In May 2025, security researcher Matt Palmer disclosed CVE-2025-48757, a vulnerability affecting Lovable-generated applications. The issue stemmed from insufficient or missing Row Level Security (RLS) policies in Supabase databases created by Lovable's AI. Because Lovable-generated applications embed a public anonymous key (anon_key) in client-side code for Supabase access, attackers could directly query the database and access data from tables that lacked proper RLS policies [23].
Palmer's analysis found that 170 out of 1,645 Lovable-generated web applications examined (10.3%) had critical security flaws, exposing 303 vulnerable endpoints. The exposed data included personally identifiable information (names, emails, phone numbers, home addresses), financial data (payment information, transaction histories, personal debt amounts), and developer credentials (API keys for services like Google Maps, Stripe, and eBay) [23].
Lovable responded by introducing the Security Scan feature in its 2.0 update, which checks for common vulnerabilities including missing RLS policies before deployment. The incident highlighted a broader challenge for AI app builders: generated code may appear functional while containing security gaps that non-technical users are unlikely to detect on their own.
Single-stack constraint: As noted above, Lovable only generates React/Supabase/Tailwind applications. Users who need other frameworks or backend technologies must look elsewhere.
Code ownership concerns: While Lovable allows GitHub export, the generated code can be tightly coupled to Lovable's patterns and Supabase's infrastructure, potentially creating lock-in for users who want to migrate to a different platform.
Complexity ceiling: Like all AI app builders, Lovable works well for standard application patterns (dashboards, CRUD apps, landing pages, authentication flows) but struggles with highly custom or complex logic. Users building sophisticated applications often hit a ceiling around 15 to 20 components, where the AI begins losing context and can make destructive changes to existing code [24].
Credit consumption: Users on lower-tier plans frequently report running out of credits, particularly during the early stages of development when many iterations are needed to refine the application.

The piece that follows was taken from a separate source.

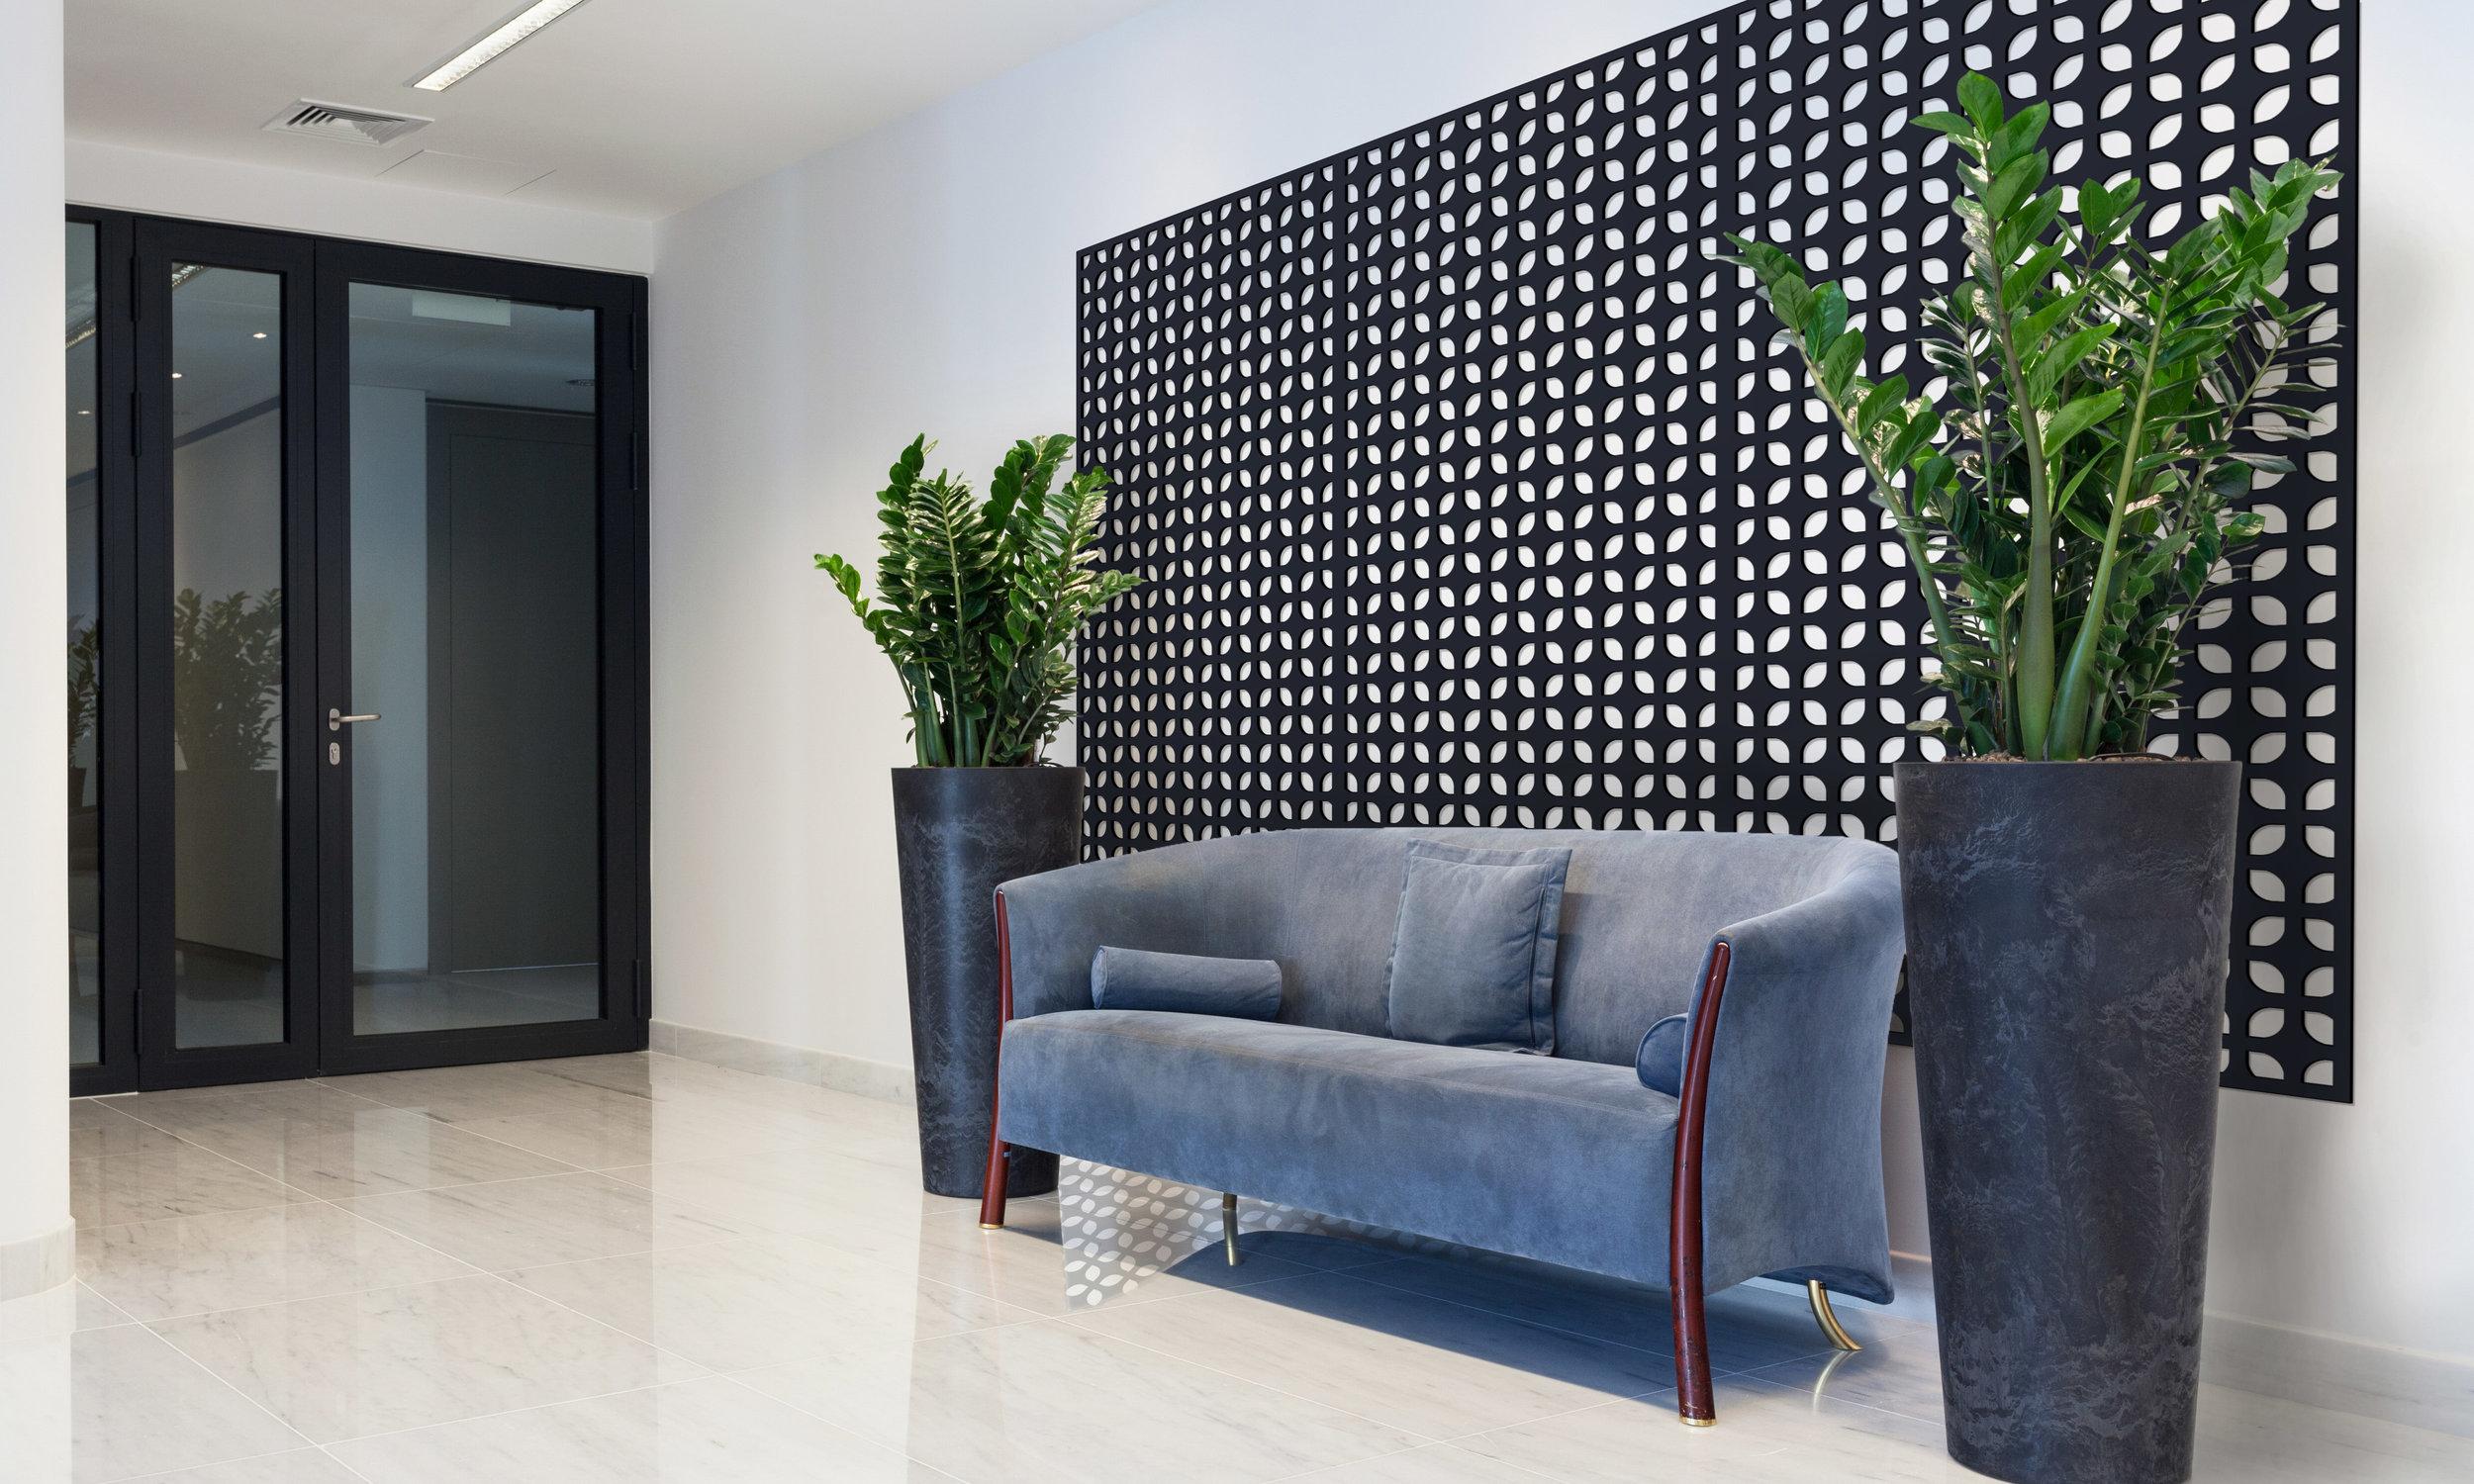 Installation Rendering B   Copenhagan decorative office wall panel - painted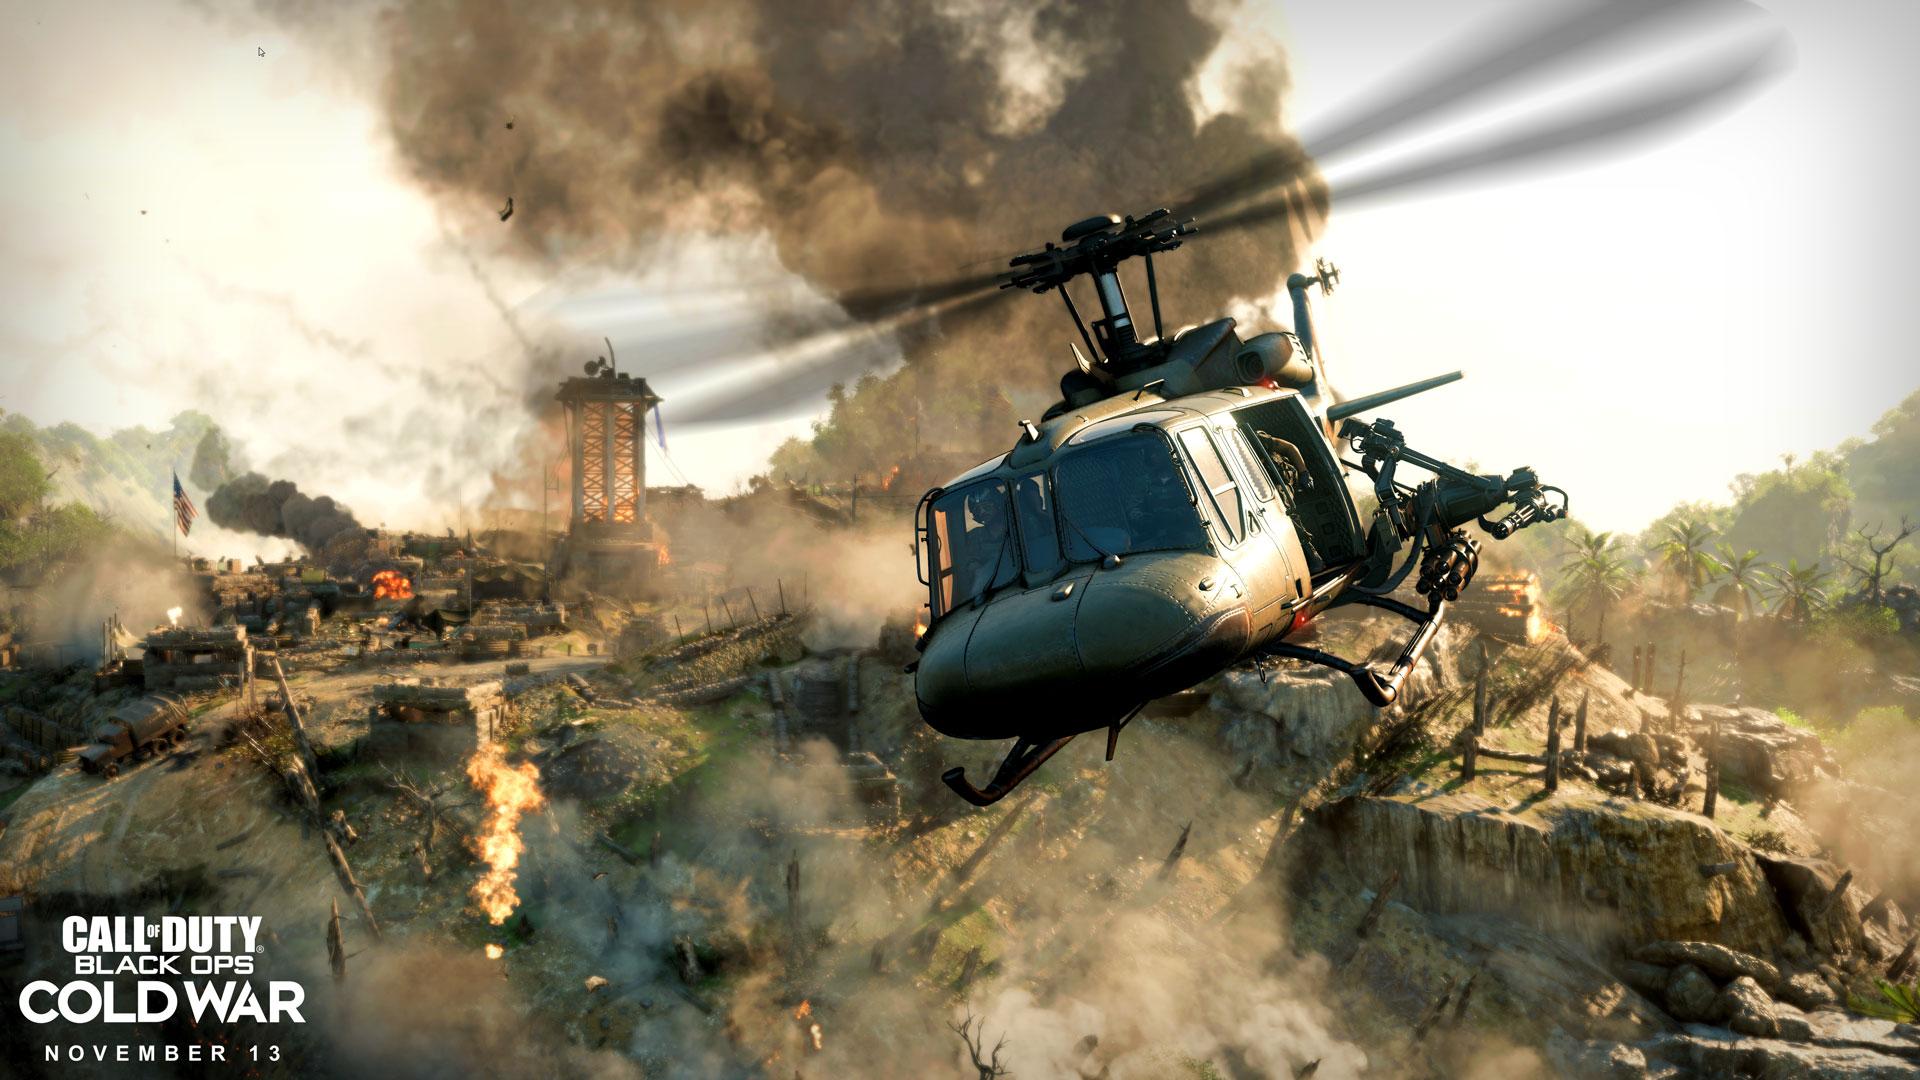 Call of Duty: Black Ops Cold War screenshot 2

Security of generated code: As demonstrated by CVE-2025-48757, AI-generated code may contain security vulnerabilities that non-technical users are unable to identify. While the Security Scan feature addresses some of these issues, it does not eliminate the risk entirely [23].
As of March 2026, Lovable is one of the dominant players in the AI app builder market. With an ARR approaching $400 to $500 million, a $6.6 billion valuation, over 15 million registered users, and a team of roughly 146 employees, the company has established itself as a category leader [18].
The release of Lovable 2.0 addressed several longstanding limitations, including single-player restrictions, lack of visual editing, and the absence of direct code editing. The company has also begun expanding into enterprise sales, targeting corporate teams that want to accelerate internal tool development and prototyping. The Series B funds are earmarked for deeper integrations with productivity tools like Notion, Linear, Jira, and Miro; enhanced collaboration and governance features for enterprise adoption; and production infrastructure improvements [2][17].
Lovable's CEO Anton Osika has spoken publicly about the company's long-term vision of becoming "the last piece of software," a platform so capable that it can build any other software application. While that vision remains aspirational, the company's growth trajectory suggests that the AI app builder market is far from saturated, and Lovable is well-positioned to capture a significant share of it.